Test the fine-tuned model
After you run the fine-tuning job, you can run inferences from within the notebook if you attached an accelerator when you created it.
Load the fine-tuned model
The fine-tuned model checkpoint includes all components necessary for RAG inference: the question encoder, generator, and retriever configuration.
# Load fine-tuned RAG model
finetuned_rag_model = RagSequenceForGeneration.from_pretrained(
FINETUNED_RAG_CHECKPOINT_DIR,
retriever=rag_retriever_inference,
)
finetuned_rag_model.to(device)
finetuned_rag_model.eval()The RagSequenceForGeneration.from_pretrained() method loads the complete model from the checkpoint directory. Passing the rag_retriever_inference object reconnects the model to the Feast feature store so it can retrieve context during generation.
Run inference
With the model loaded, you can generate answers for test queries. The RAG model retrieves relevant context from Feast and generates responses based on both the query and retrieved passages.
for test_query in test_queries:
# Tokenize the question
inputs = question_encoder_tokenizer(test_query, return_tensors="pt").to(device)

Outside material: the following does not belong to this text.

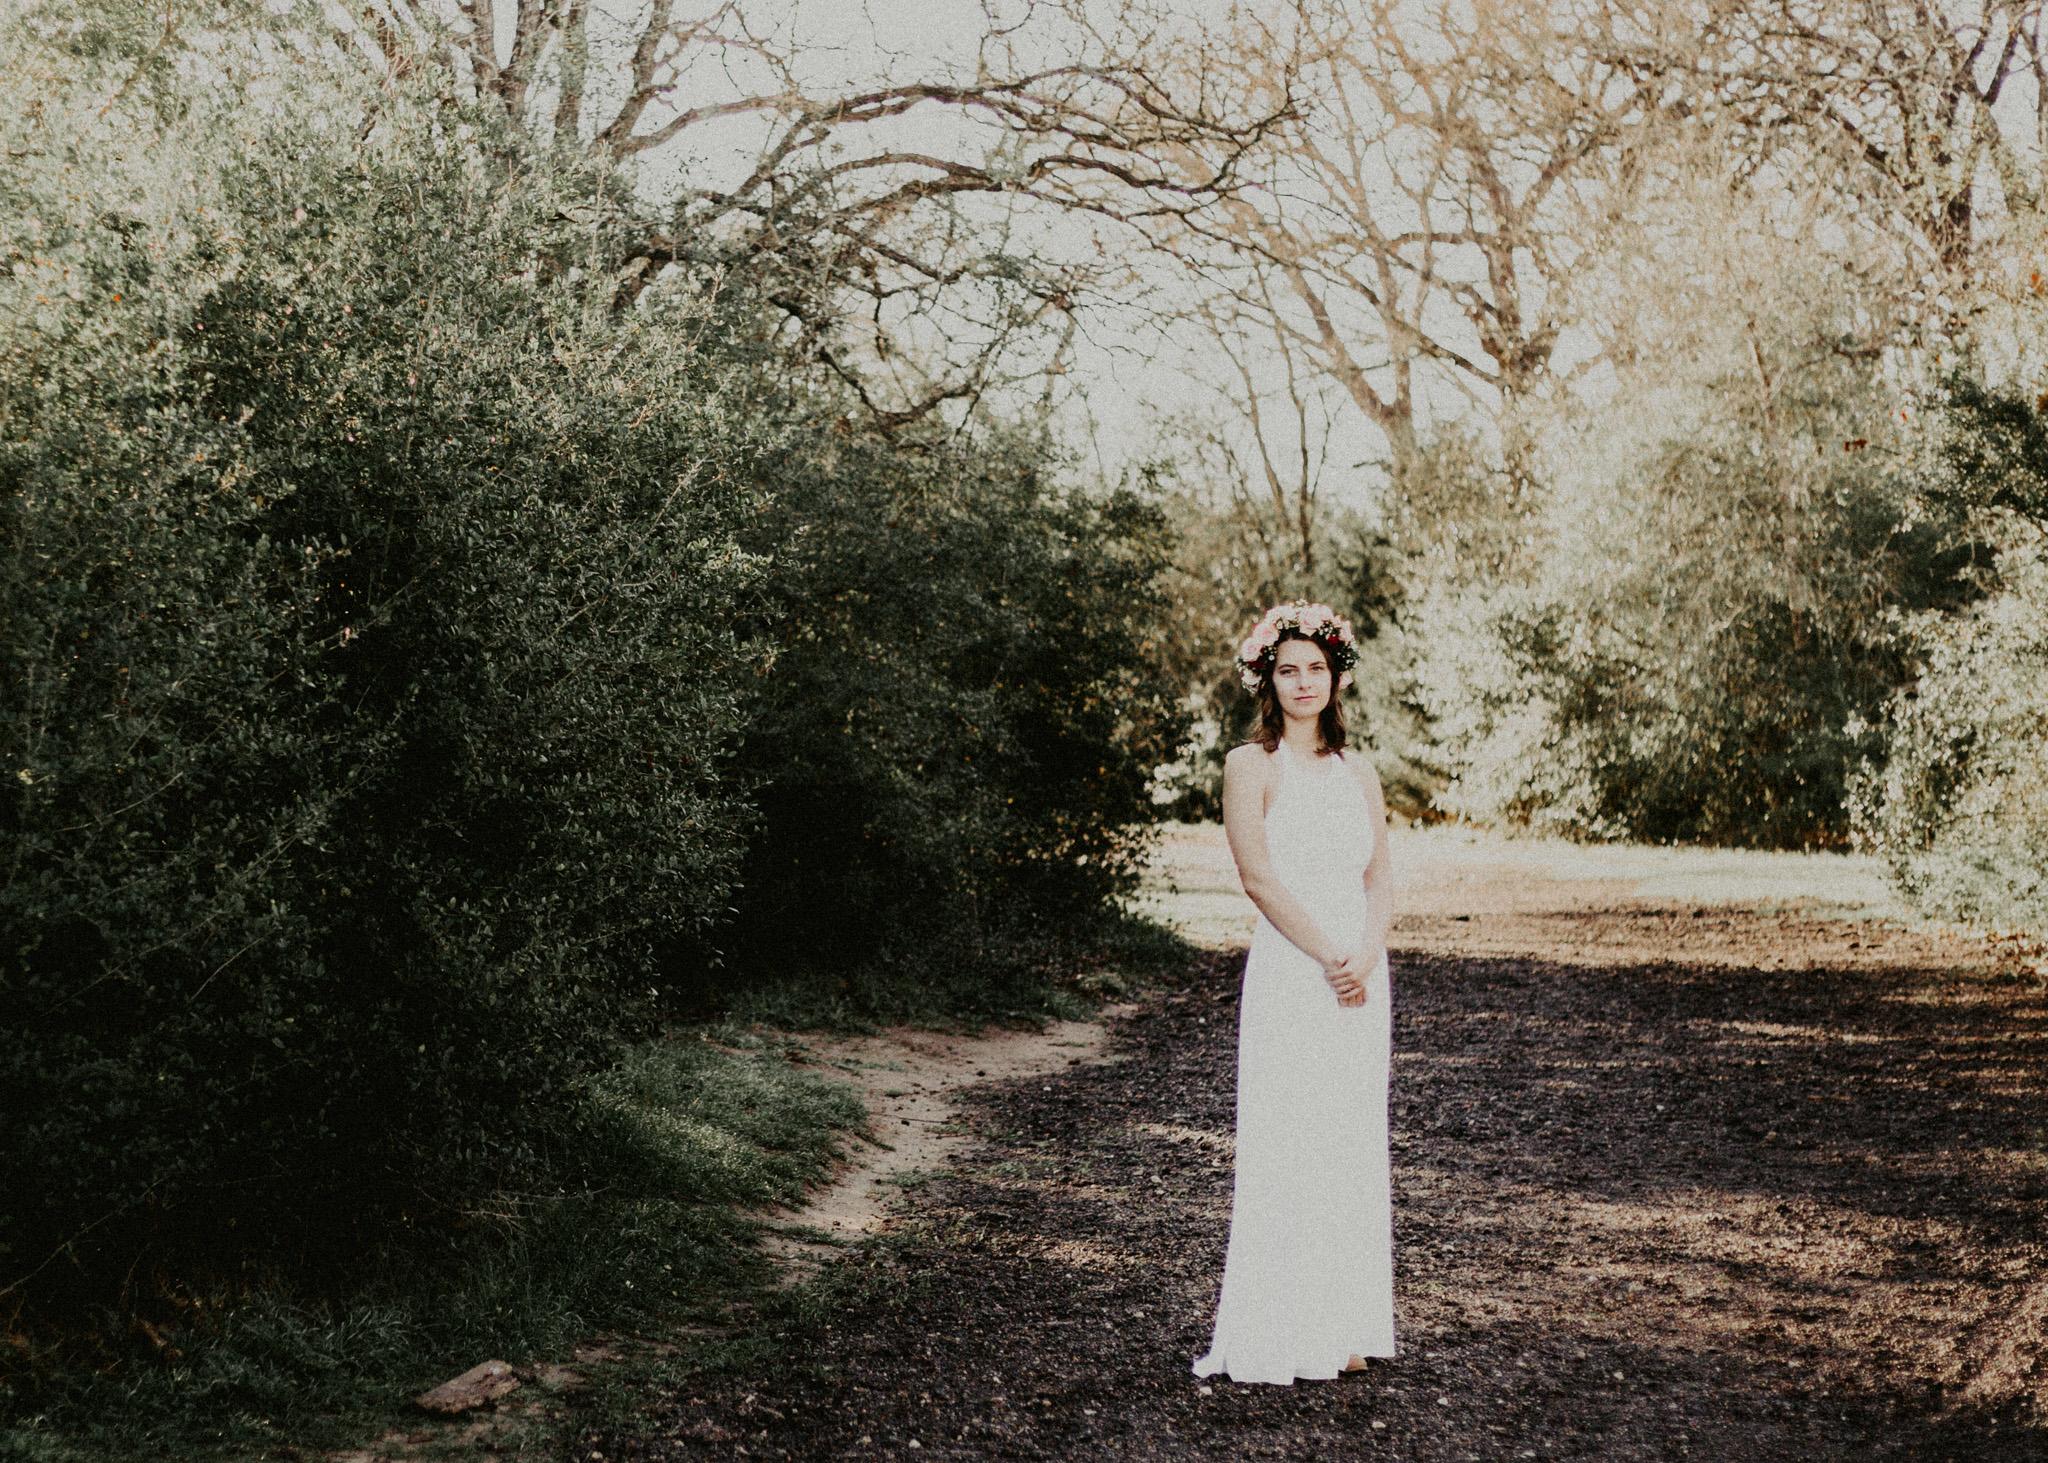 zoe bridals-5.jpg

# Generate answer with retrieval
with torch.no_grad():
generated_ids = finetuned_rag_model.generate(
input_ids=inputs["input_ids"],
max_new_tokens=200,
)
# Decode and print the answer
answer = generator_tokenizer_inference.decode(generated_ids[0], skip_special_tokens=True)

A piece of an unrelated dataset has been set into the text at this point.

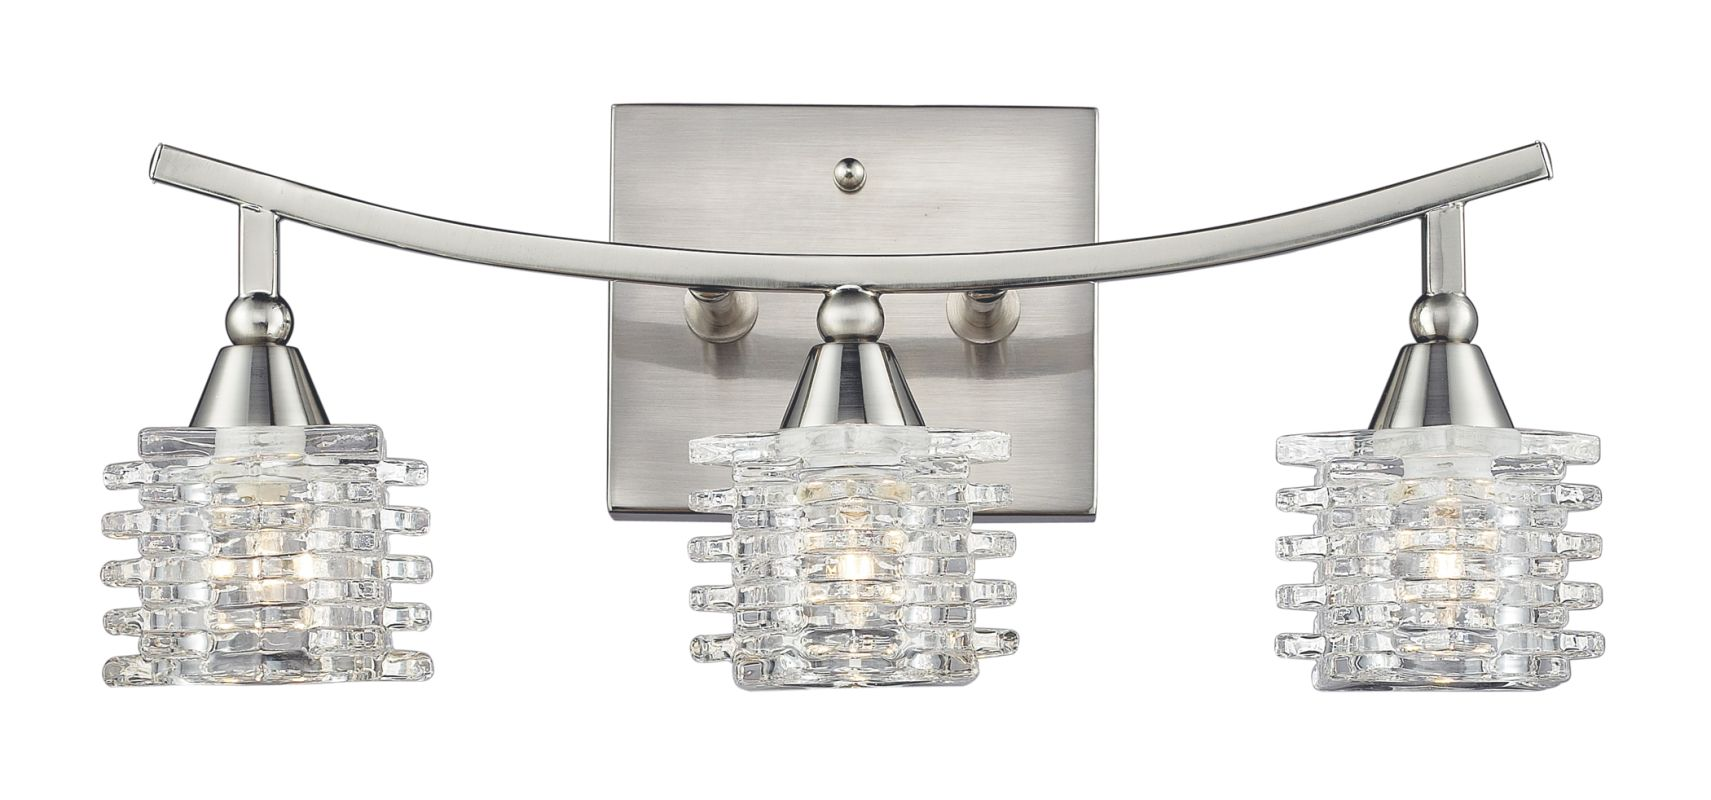 Shop Portfolio 3 Light Vassar Brushed Nickel Bathroom: Elk Lighting 17131/3 Satin Nickel Matrix 3 Light 15

print(f"Question: {test_query}")
print(f"Answer: {answer}\n")During inference:
- The question encoder tokenizes the input query.
- The model retrieves relevant passages from Feast's feature store.
- The generator produces an answer conditioned on both the query and retrieved context.
- The answer is decoded and returned.
The fine-tuned model should produce more accurate and contextually relevant answers compared to the base RAG model because it learned to use the retrieved information better during training.
Conclusion
This walkthrough demonstrated how to fine-tune a RAG model using Feast for feature management and OpenShift AI for distributed training. Combining Feast's feature store capabilities with the RAG architecture lets you build production-ready RAG systems that efficiently manage knowledge bases and scale training across multiple GPUs.
The key advantages of this approach include:
- Dynamic knowledge management: Update embeddings in Feast without retraining the model.
- Distributed training: Scale fine-tuning across multiple GPUs using FSDP.
- Production deployment: Integration between training and inference through Feast.
This pipeline provides a foundation for building RAG systems that can evolve with your organization's needs while maintaining consistent, reproducible deployments.